* _TASK ITEM_
Your answer must be the exact lines of the listing below that run from the line with "Earthlock2 snowcastle games" to the line with "7.93 Carat Pave", ends included, and no pictures.

* _EXTRACTED INFORMATION_

####################

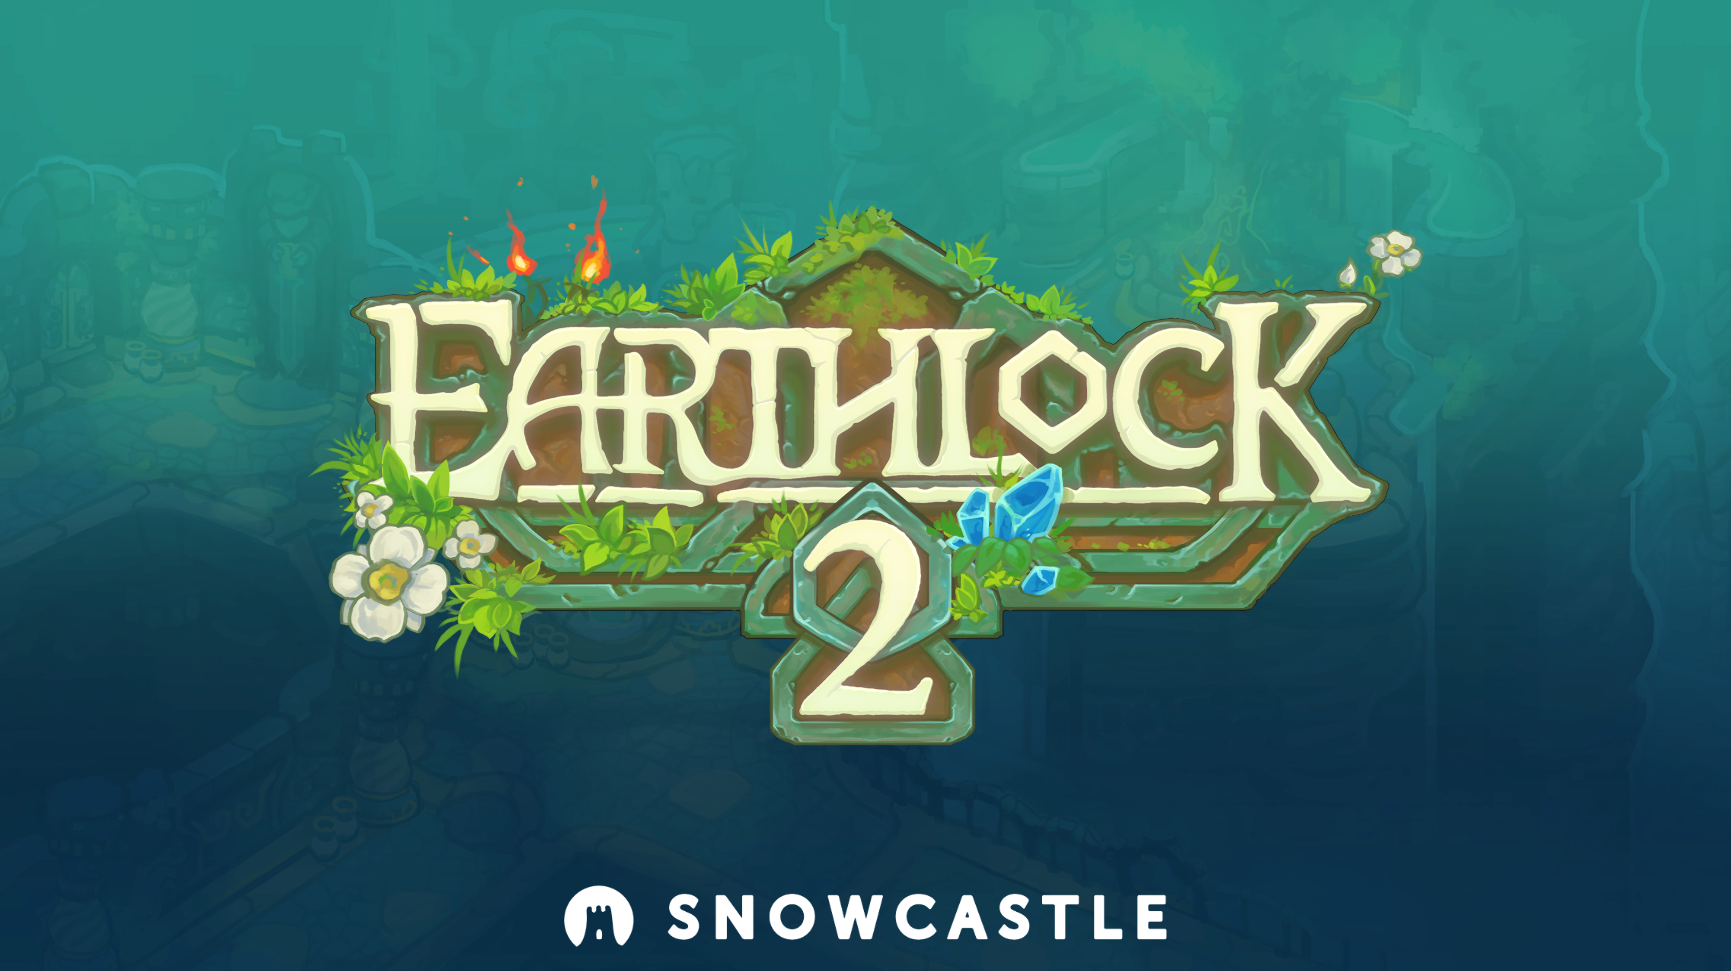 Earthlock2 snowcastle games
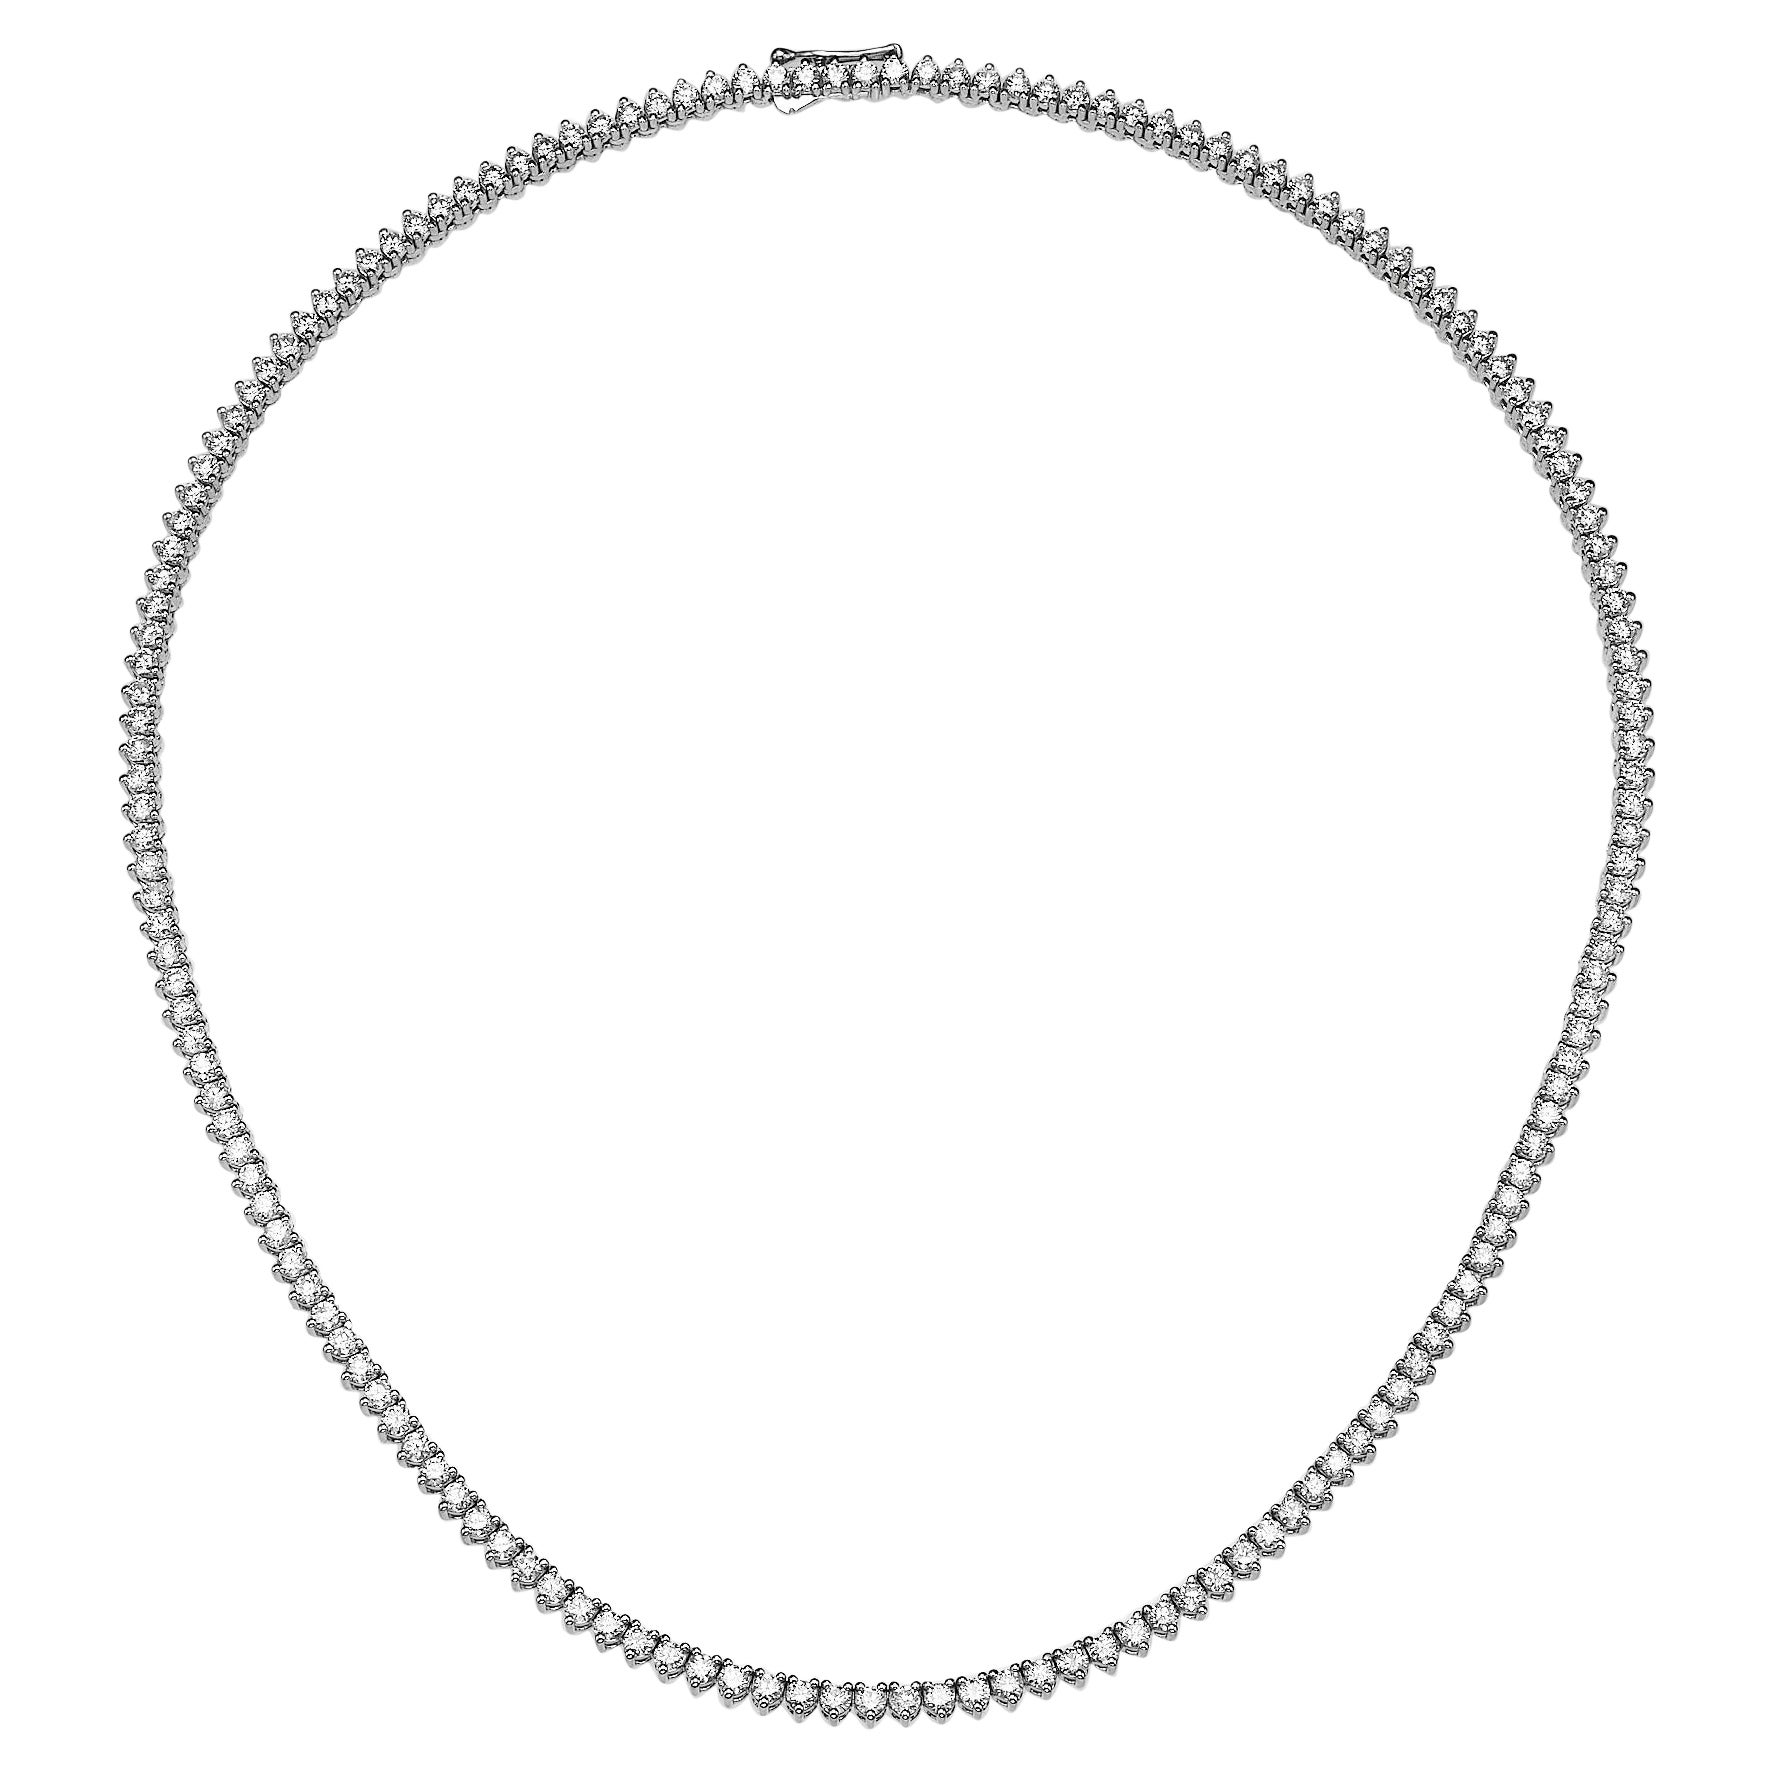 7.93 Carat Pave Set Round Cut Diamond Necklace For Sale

####################

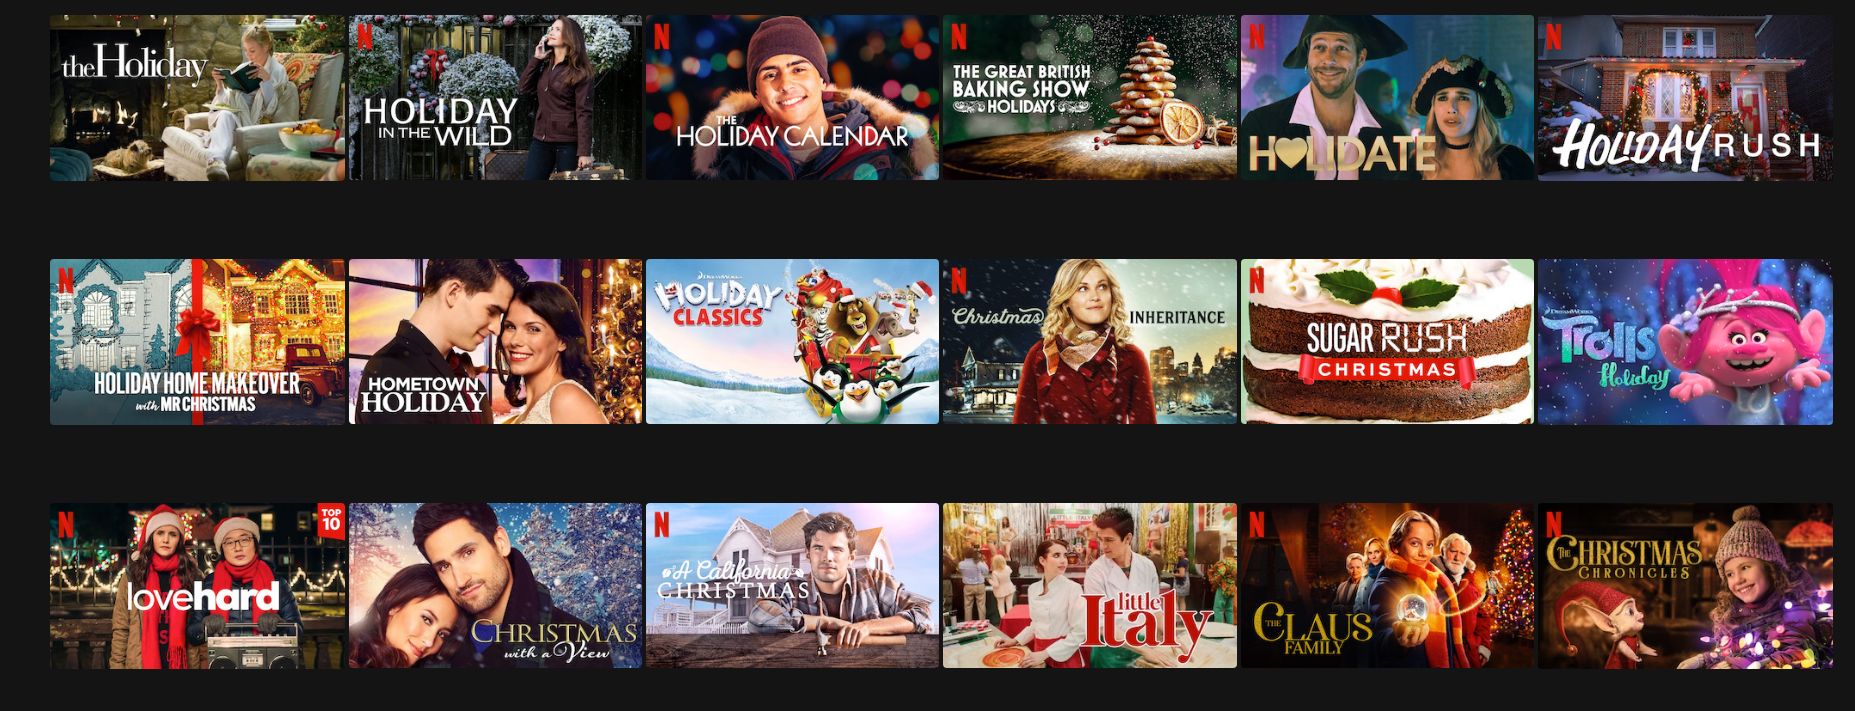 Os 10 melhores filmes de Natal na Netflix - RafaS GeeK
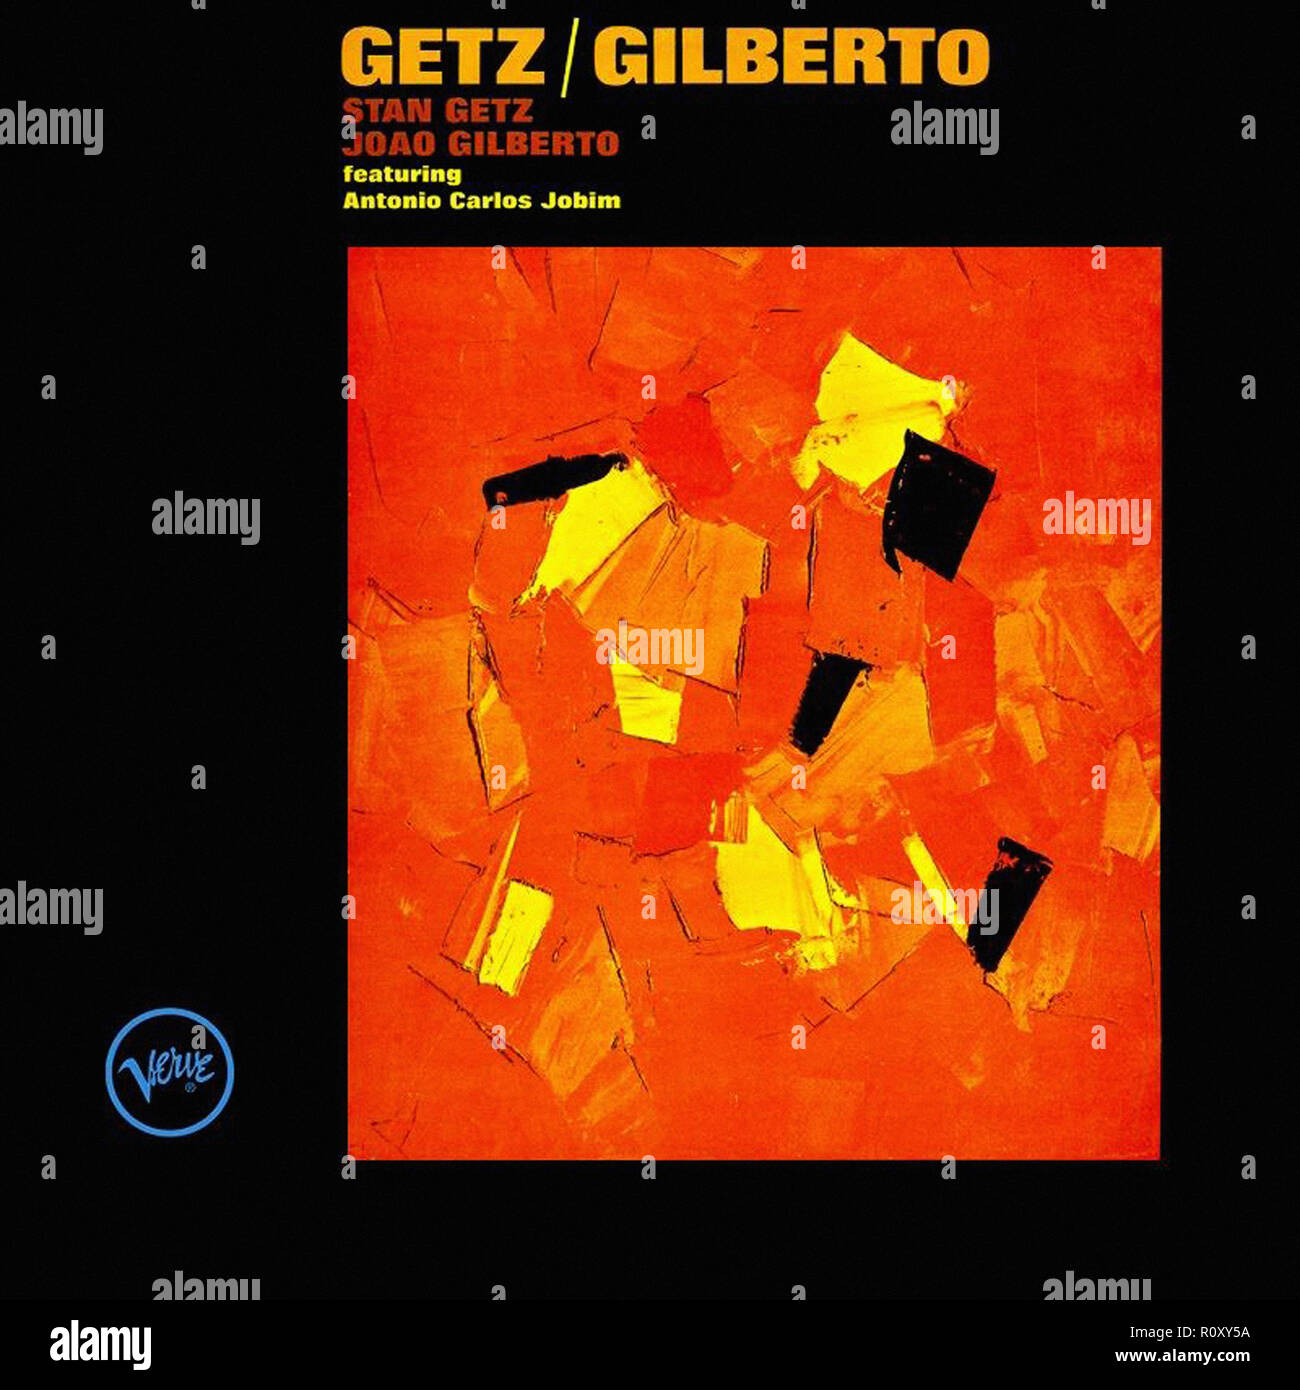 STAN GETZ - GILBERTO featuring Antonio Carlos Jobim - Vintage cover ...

####################

* _SOLUTION FOR THIS TASK_
 Earthlock2 snowcastle games
 7.93 Carat Pave Set Round Cut Diamond Necklace For Sale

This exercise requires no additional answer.